UN Security Council
United Nations Security Council raise their hands as they vote unanimously to approve a resolution eradicating Syria's chemical arsenal at a Security Council meeting in New York on Sept. 27, 2013. Reuters

The United Nations Security Council unanimously adopted on Friday a legally binding resolution to destroy Syria’s chemical weapons, ending more than two years of impasse in the Council over joint action against Syria.

The resolution prohibits the Syrian government and other Syrian groups from using, developing, producing, acquiring, stockpiling or retaining chemical weapons, or transferring them without authorization to other nations or groups, and endorses imposing Chapter VII measures in the event of noncompliance by Syrian President Bashar Assad’s government.

Syria is also required to allow unfettered access for international chemical weapons inspectors, who will start inspections by Oct. 1. The resolution authorized U.N. member nations to acquire, transfer and destroy chemical weapons identified by the Organization for the Prohibition of Chemical Weapons, OPCW, using measures consistent with the U.N. chemical weapons convention.

“Today’s historic resolution is the first hopeful news on Syria in a long time,” Secretary-General Ban Ki-moon told the 15-member Council, following the adoption. “Tonight, the international community has delivered.”

“A red light for one form of weapons does not mean a green light for others. This is not a license to kill with conventional weapons. All the violence must end. All the guns must fall silent,” Ban said, according to a statement from the U.N.

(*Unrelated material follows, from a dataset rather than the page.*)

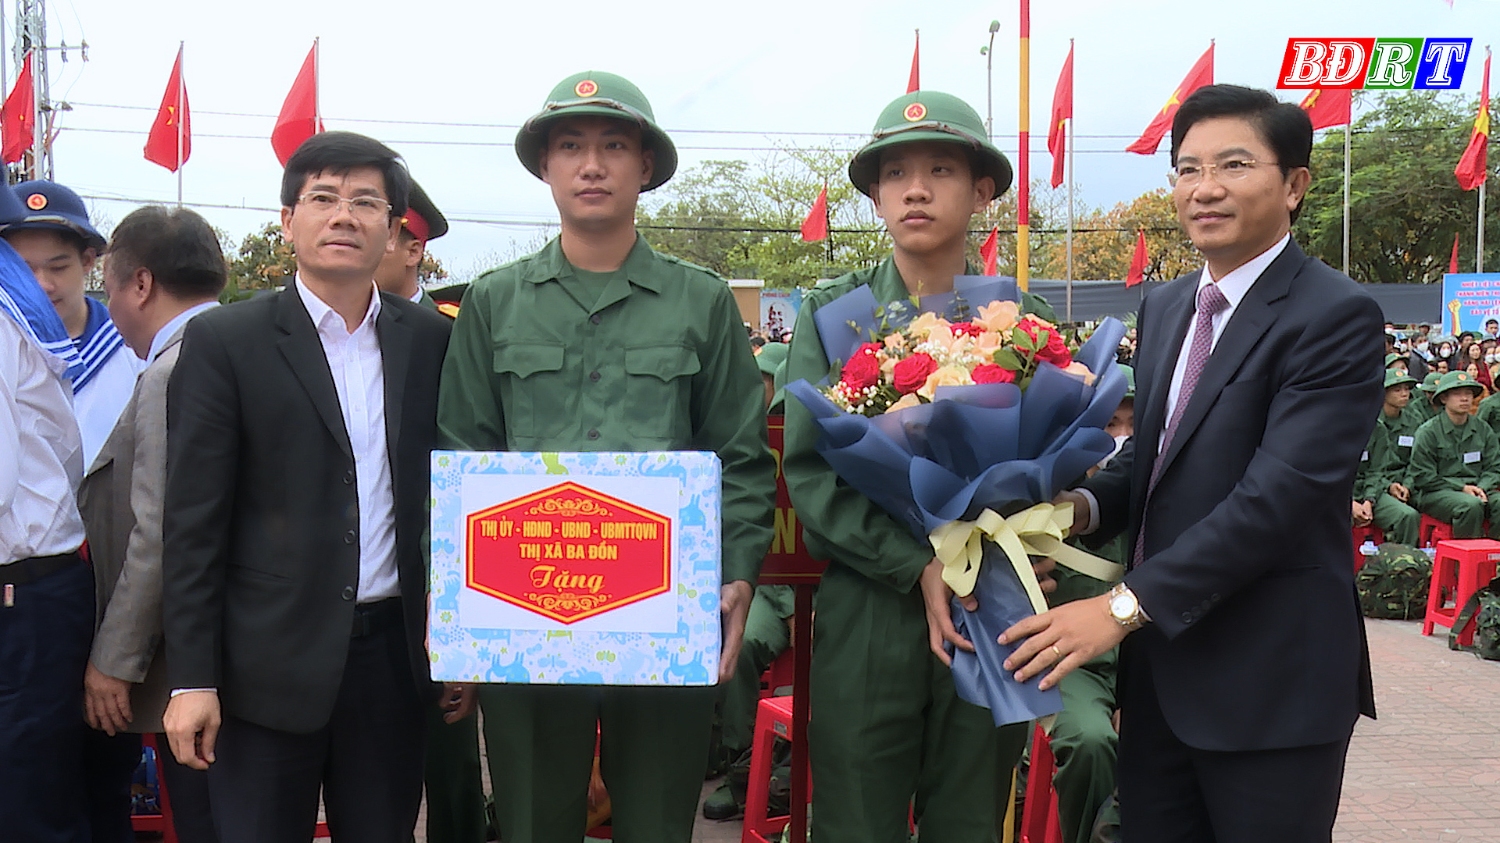 8 Đồng chí Trương An Ninh UVTV Tỉnh ủy Bí thư Thị ủy Ba Đồn tặng quà cho các tân binh lên đường nhập ngũ
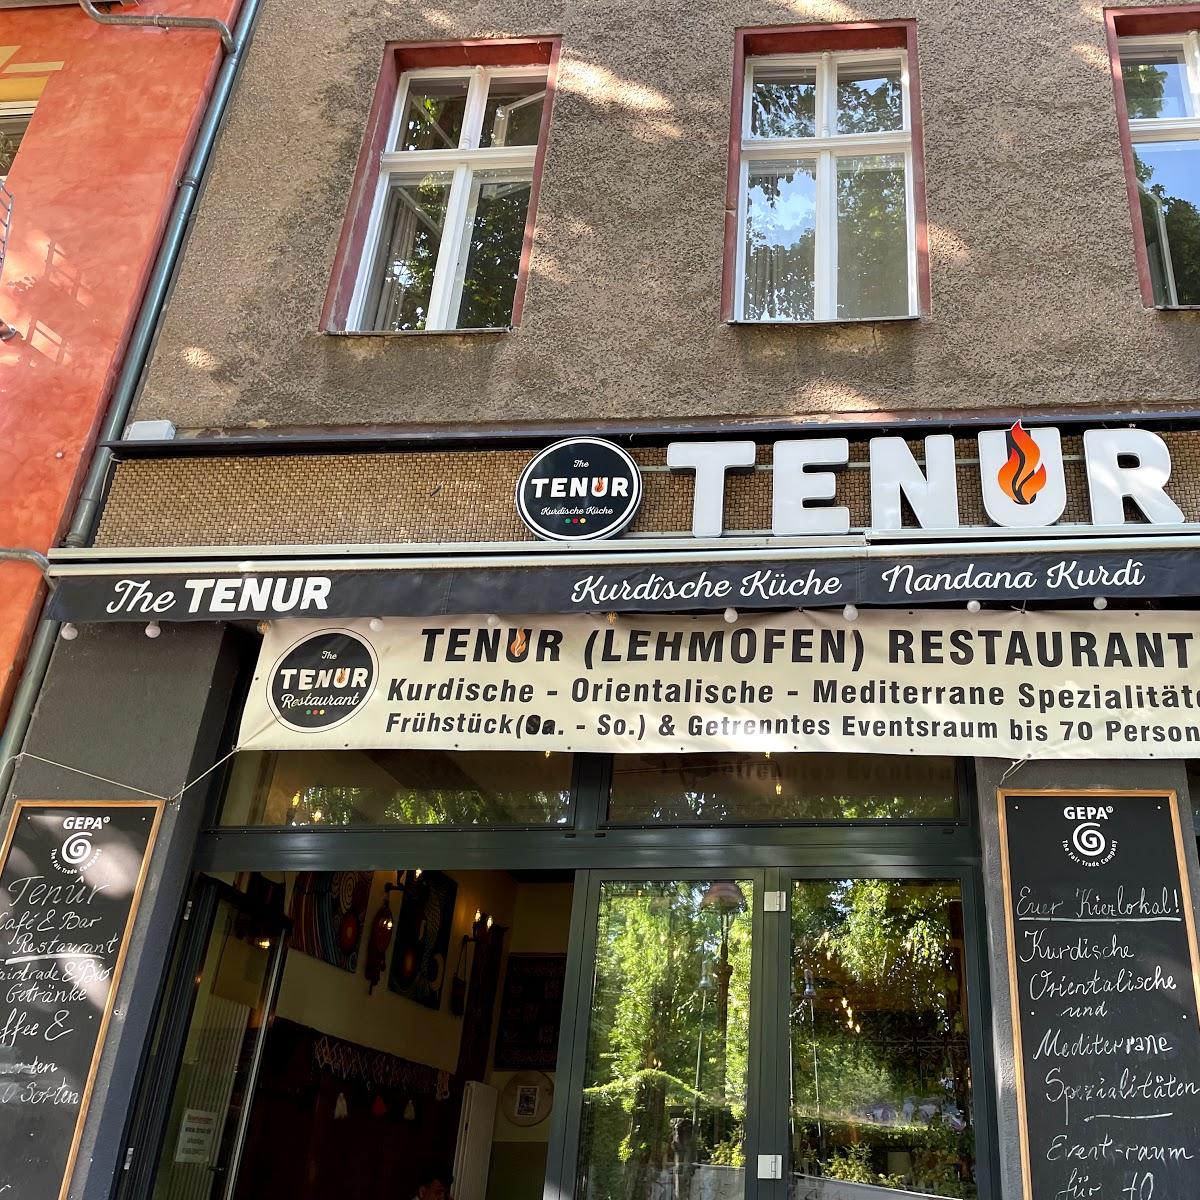 Restaurant "Tenur - Kurdische Küche, Café, Bar" in Berlin

Secretary of State John Kerry said that that Syrian regime bore the responsibility of meeting the terms of the resolution, while Russia’s Foreign Minister Sergei Lavrov said all nations -- especially Syria’s neighbors, who need to alert on moves by militant groups to secure the Syrian chemical weapons -- shared the responsibility for implementing the resolution.

U.N. officials in Syria will launch an investigation into seven more cases of alleged chemical and biological weapons use, including three incidents which took place around the capital Damascus after the chemical attack on Aug. 21, which triggered belligerent rhetoric against Syria in the West.

The U.N. said on Friday that weapons inspectors returned to Syria on Wednesday and is expected to submit a report by the end of October.